The next five years will be decisive, business leaders will have to understand the stakes and the challenges of the continent to win the game. Future winners will have to balance bold moves and resilient fundamentals. “Succeed in challenging times” will be the main theme of this year’s Africa CEO Forum.
What do you expect to be the other main talking points at this year’s Africa CEO Forum?
Amidst the past 15 years of sustained growth, African companies have structured and implemented bold development strategies, resulting in the expansion of their businesses to new markets. As the foremost platform for thought-provoking discussions and private-sector promotion, the Africa CEO Forum has always showcased the positive evolutions of the continent.
In the same vein, the 2016 edition of the Africa CEO Forum will follow the latest developments, bearing in mind the economic bottlenecks Africa is currently facing, around various talking points:
- The key strategies countries and companies will have to implement in order to perform in this volatile economic context,
- The business opportunities for Africa in the new energy landscape,
- Making public-private partnerships work to tackle social challenges in Africa,
- Bridging the gap between French-speaking Africa and English-speaking Africa,
- The alternative financial engines in the face of a looming credit crunch.
As always, we will also provide CEOs with the latest innovative management tools they can use in their day-to-day work to support African growth and counteract the economic decline. In order to support their organisations’ growth, fields such as CSR, HR, finance, strategy, corporate cultcure, and branding will be discussed in depth.
After having been hosted in Geneva in the past, the Africa CEO Forum is this year held in Africa for the first time. What is the reason for this?
The Africa CEO Forum was initially held in Geneva in order to showcase African capitalism to the world. By hosting the event at an international location, we gave the event a global dimension, and Geneva is home to the headquarters of many international organisations, such as the United Nations and the World Trade Organisation, amongst others. The forum is still headquartered in Geneva to remain close to international investors, but it will take place in a different African country every two years.
With economic growth standing at around 10% per year since 2012, investment rates now climbing above 20% of GDP and exports constantly on the rise since 2009, Côte d’Ivoire is the driving force of regional integration within the Economic Community of West African States (ECOWAS) and a natural host for this first edition in Africa. The fact that the African Development Bank (AfDB) – our partner since the first edition – is based there, is a further contributing factor. It is also important for us to welcome the new president of the AfDB, Akinwumi Adesina, by hosting the forum there.

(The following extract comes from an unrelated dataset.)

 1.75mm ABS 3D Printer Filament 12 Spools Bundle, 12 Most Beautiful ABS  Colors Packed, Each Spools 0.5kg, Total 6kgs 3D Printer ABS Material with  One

Now that the Africa CEO Forum has gained so much success, many African countries are competing to host future editions.
Which African country and industry do you believe hold the greatest potential for foreign investors?
In this context of economic downturn with falling commodity prices, oil and gas producing countries will suffer, whereas diversified economies will keep on performing, provided they fulfil four other key conditions: political stability, macro-economic discipline, good governance and a strong determination to accelerate structural reforms encouraging entrepreneurship. Some Africans countries have been successfully following this path such as Morocco, Kenya, Ethiopia, Rwanda and Côte d’Ivoire.
As for the sectors, it’s difficult to only name one. Firstly, I would point out the “mature” sectors such as construction, banking and ICT. Then, for over 10 years, with the continent’s fast-paced development, new priority sectors have emerged and have been particularly attractive for foreign investors such as transport, agriculture and agro-industry where an increasing number of international groups have found fertile grounds for investments in Africa. More recently, you have the consumer goods and the retail sector, answering the needs of the mushrooming African middle class, forecast to represent 42% of the African population by 2060. If you take South Africa for example, a Deloitte report found that the local luxury goods market grew by 65.2% in the five years between 2009 and 2014.